- Born: 1973 Thiès, Senegal
- Died: February 17, 2016 (aged 42–43)
- Occupations: Journalist; novelist; playwright;
- Spouse: Lucio Mad
- Writing career
- Pen name: Aminata Zaaria; Ndèye Takhawalou;
- Notable awards: Prix Emmanuel Roblès 2004 La nuit est tombée sur Dakar

= Aminata Sophie Dièye =

Senegalese writer (1973–2016)

Aminata Sophie Dièye (1973 – February 17, 2016) was a Senegalese journalist, novelist, and playwright.

She is best known for her weekly newspaper column under the pen name Ndèye Takhawalou and her Prix Emmanuel Roblès-winning 2004 novel La nuit est tombée sur Dakar, published under the pseudonym Aminata Zaaria.

== Early life ==
Aminata Sophie Dièye was born in 1973 in Thiès, Senegal, into a Sufi Muslim family. Her father was a traveling tax inspector and was not present during her childhood.

At age 21, she left home, moving to the island of Ngor in Dakar. There, she began writing for the newspaper Sud Quotidien.

== Career ==
Dièye's pursuit of writing was inspired by her mother, who also loved to write.
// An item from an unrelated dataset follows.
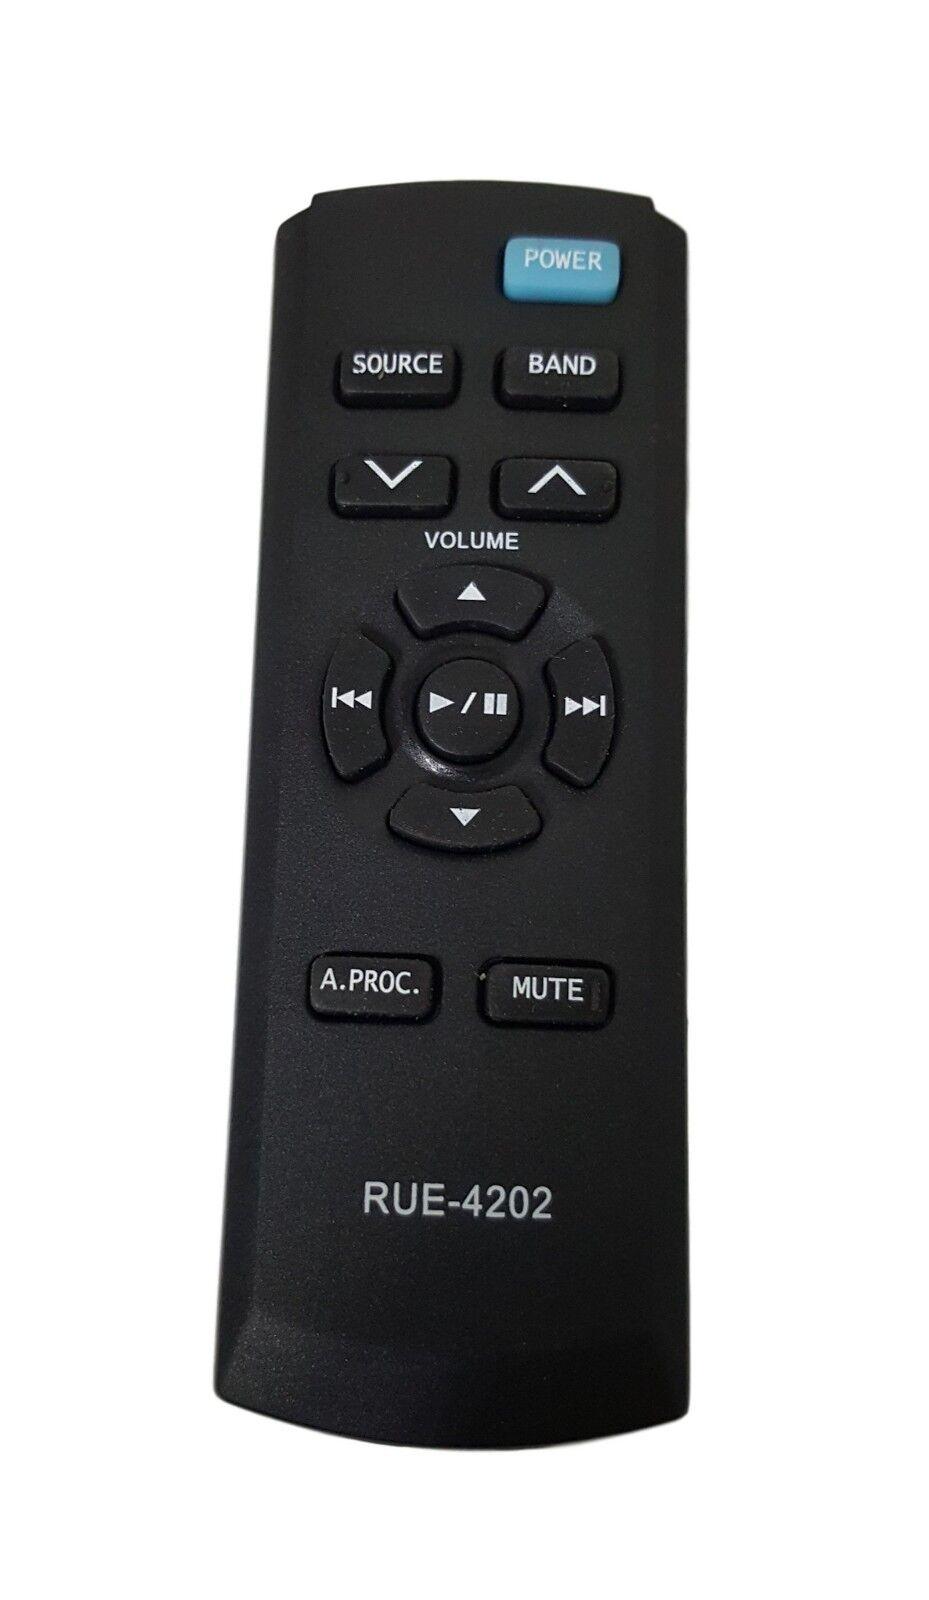 Alpine Rue 4202 Remote Control Genuine Original Oem E3 Ebay Jl Audio Xd Acs60 6 Gauge Amplifier Amp Wire Installation Kit Speaker Norton Secured Powered By Verisign
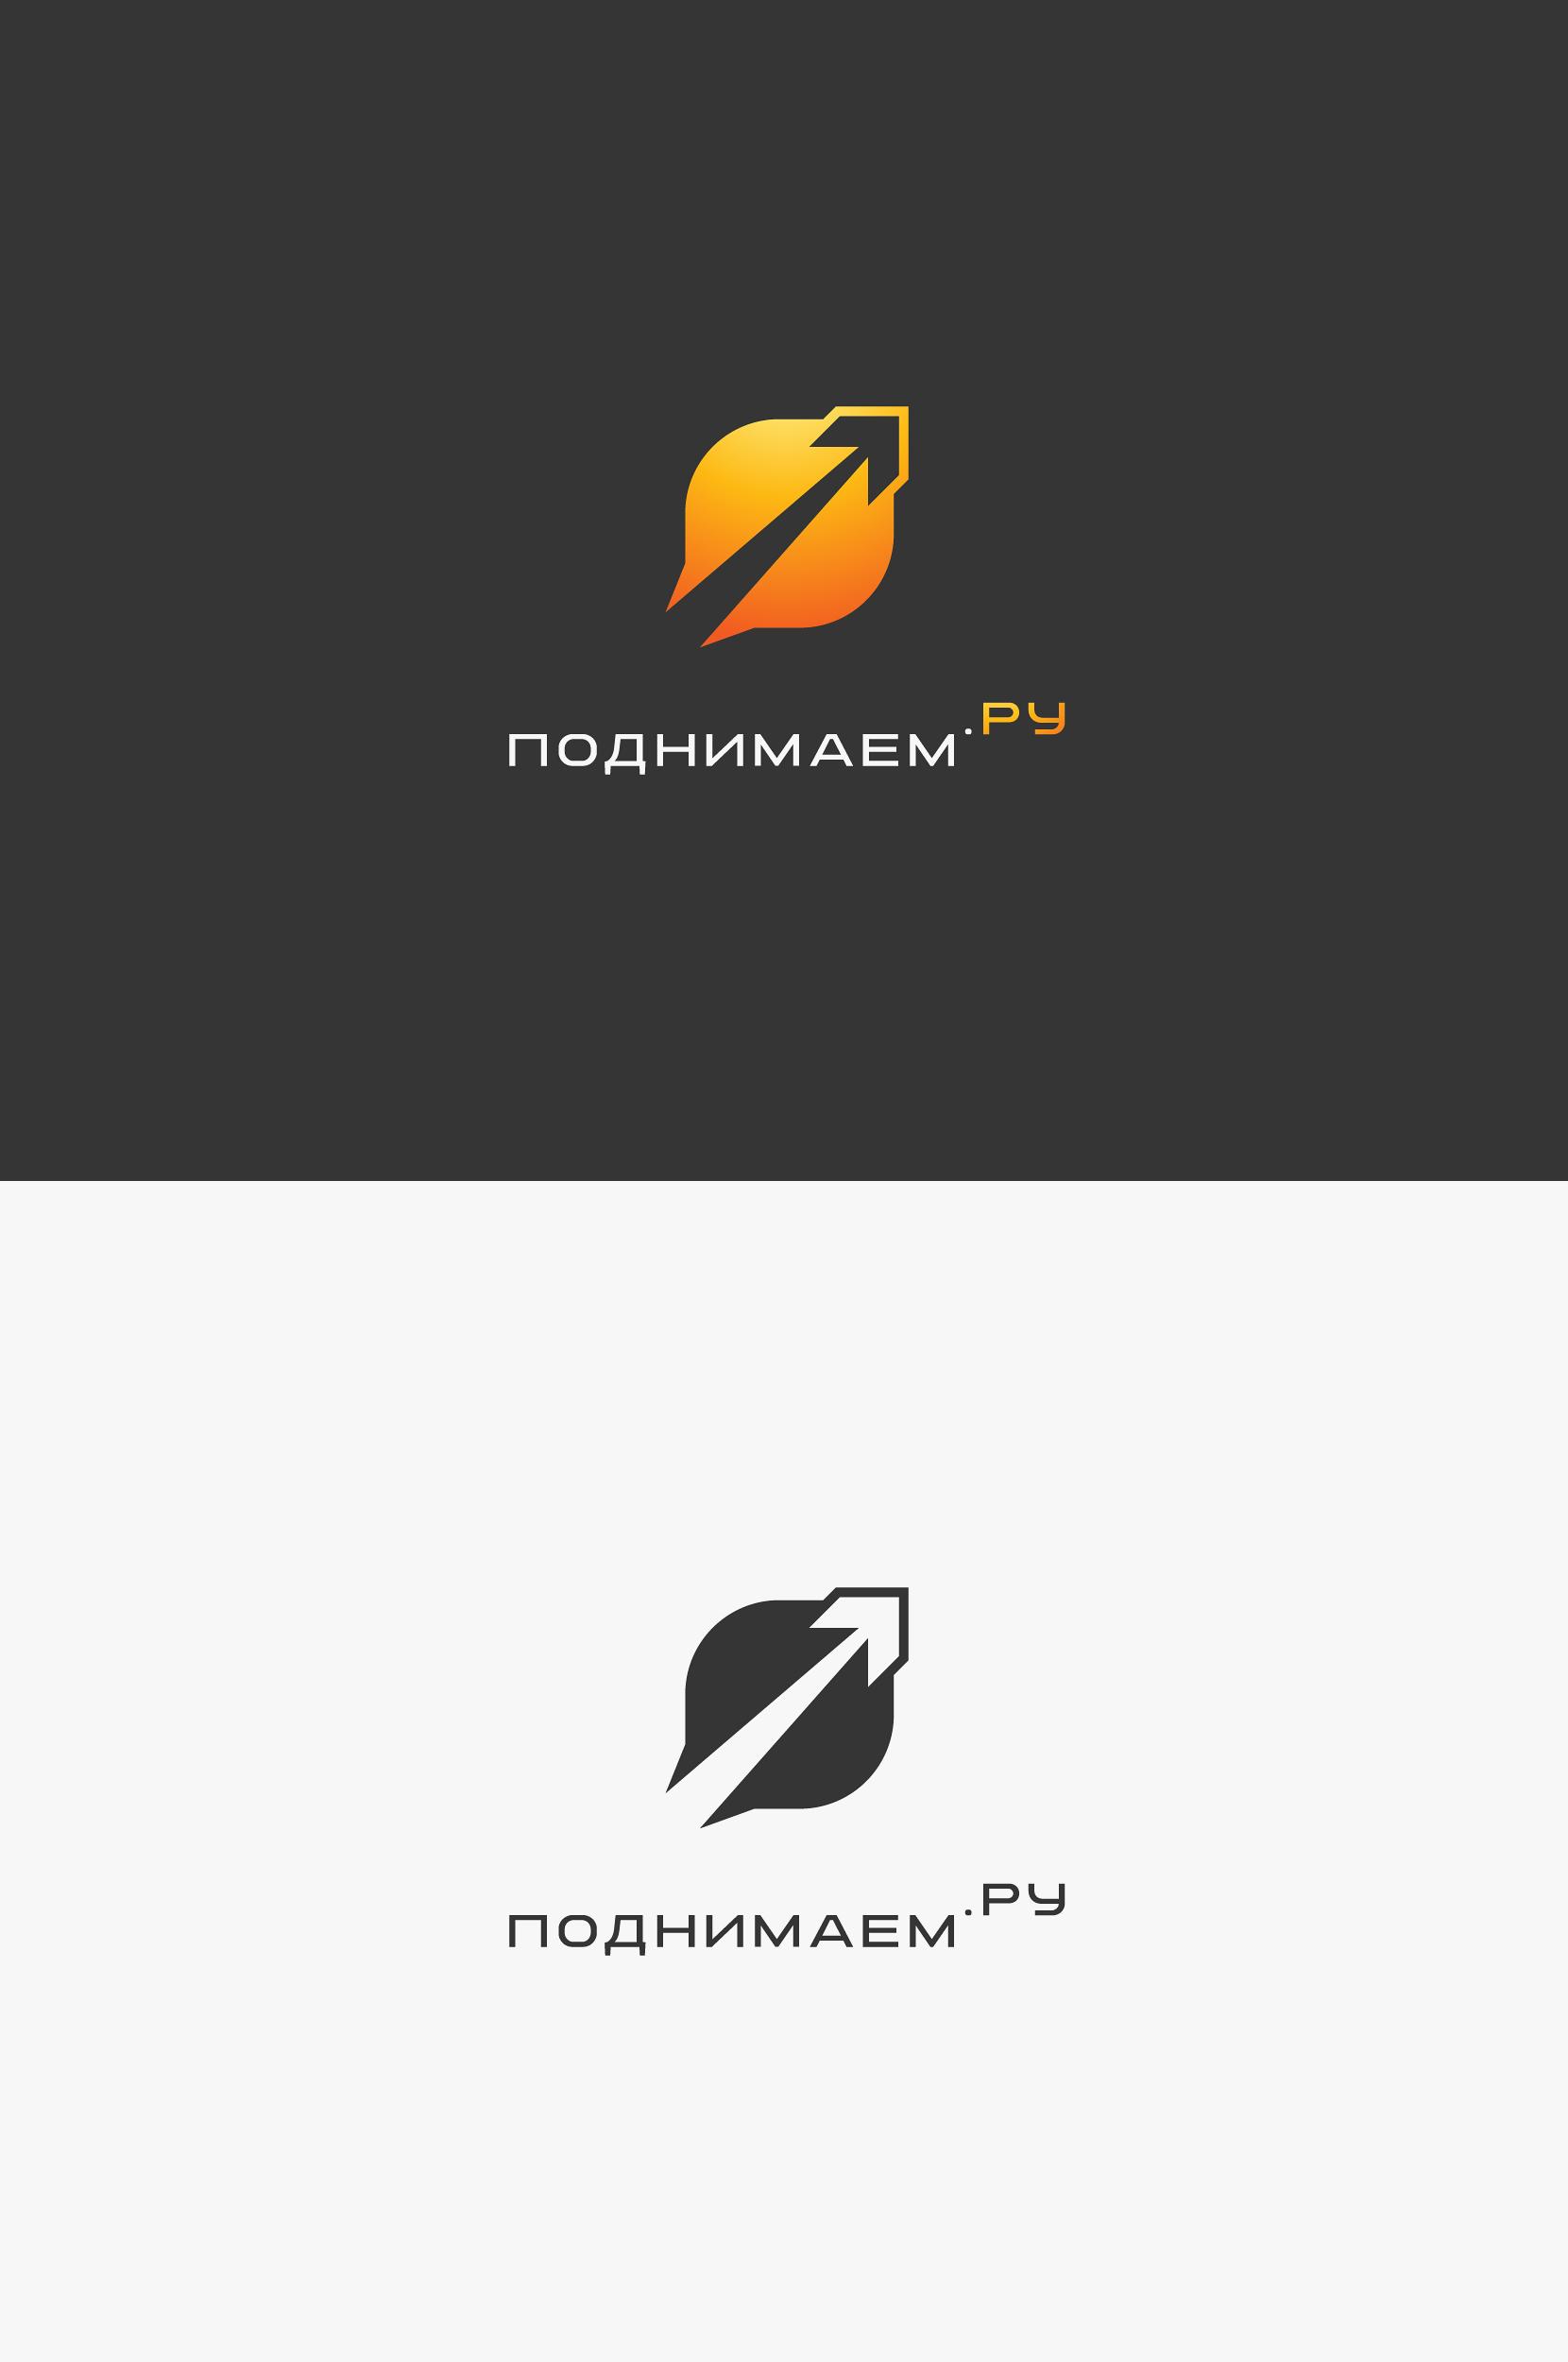 Разработать логотип + визитку + логотип для печати ООО +++ фото f_225554d8a0b84dfd.png

Her work has been described as "the magnifying glass that reveals society's worst vices." It also frequently exhibits a sarcastic or satirical tone, with a trademark "mix of trauma and humor."

=== Journalism ===
After working for Sud Quotidien, Dièye began writing a weekly column in L'Observateur, Senegal's most-read daily newspaper, under the pen name Ndèye Takhawalou. She would continue to write the column until her death, and it was a popular feature of the publication's Saturday issue.

She also wrote for the satirical publication Le Cafard libéré, as well as for the newspaper Tract under the pen name Miss Town.

=== Fiction ===
Dièye also began to write short fiction, and her stories were included in the anthologies Jeunes poètes du Sahel and Saison d’amour et de colère.

In 2004, she published her first novel, La nuit est tombée sur Dakar, under the pen name Aminata Zaaria. The novel tells the story of two girls from Dièye's own home region of Thiès, who flee to Dakar in an attempt to avoid becoming an old man's second or third wife. However, in the city they experience poor treatment from their new white companions and fall into hard times. La nuit est tombée sur Dakar, like much of Dièye's work, is written in a simple, direct, yet emotionally moving style. Some literary critics have described it as semi-autobiographical, with the narrator representing Dièye in her early years in the capital. La nuit est tombée sur Dakar won the 2004 Prix Emmanuel Roblès.

=== Theater ===
In 2000, Dièye wrote the play Consulat Zénéral. A satire of African society, it takes place in a French consulate, where the characters wait anxiously for visa approval. The play was performed on a tour across five African countries.

Having trained at the National Academy of Dramatic Arts in Senegal, she occasionally performed as an actress, including in the short film La Petite Vendeuse de Soleil and in her own play Consulat Zénéral.

== Personal life and death ==
Dièye was married to the French writer and director Lucio Mad. She moved to France with him in 2004. Mad died of cancer the following year, leaving her a widow at only 32 years old.

After her husband's death, Dièye returned to Senegal. His death and other traumas left her in a fragile state, and she spent time in a psychiatric hospital in Thiès, which she openly chronicled in L'Obs.

Aminata Dièye died overnight of untreated diabetes on February 17, 2016, at age 42.

She left two unpublished novels on her premature death. While there were plans to posthumously publish one of these drafts, tentatively titled L’épitaphe signée Vénus, both works remain unpublished.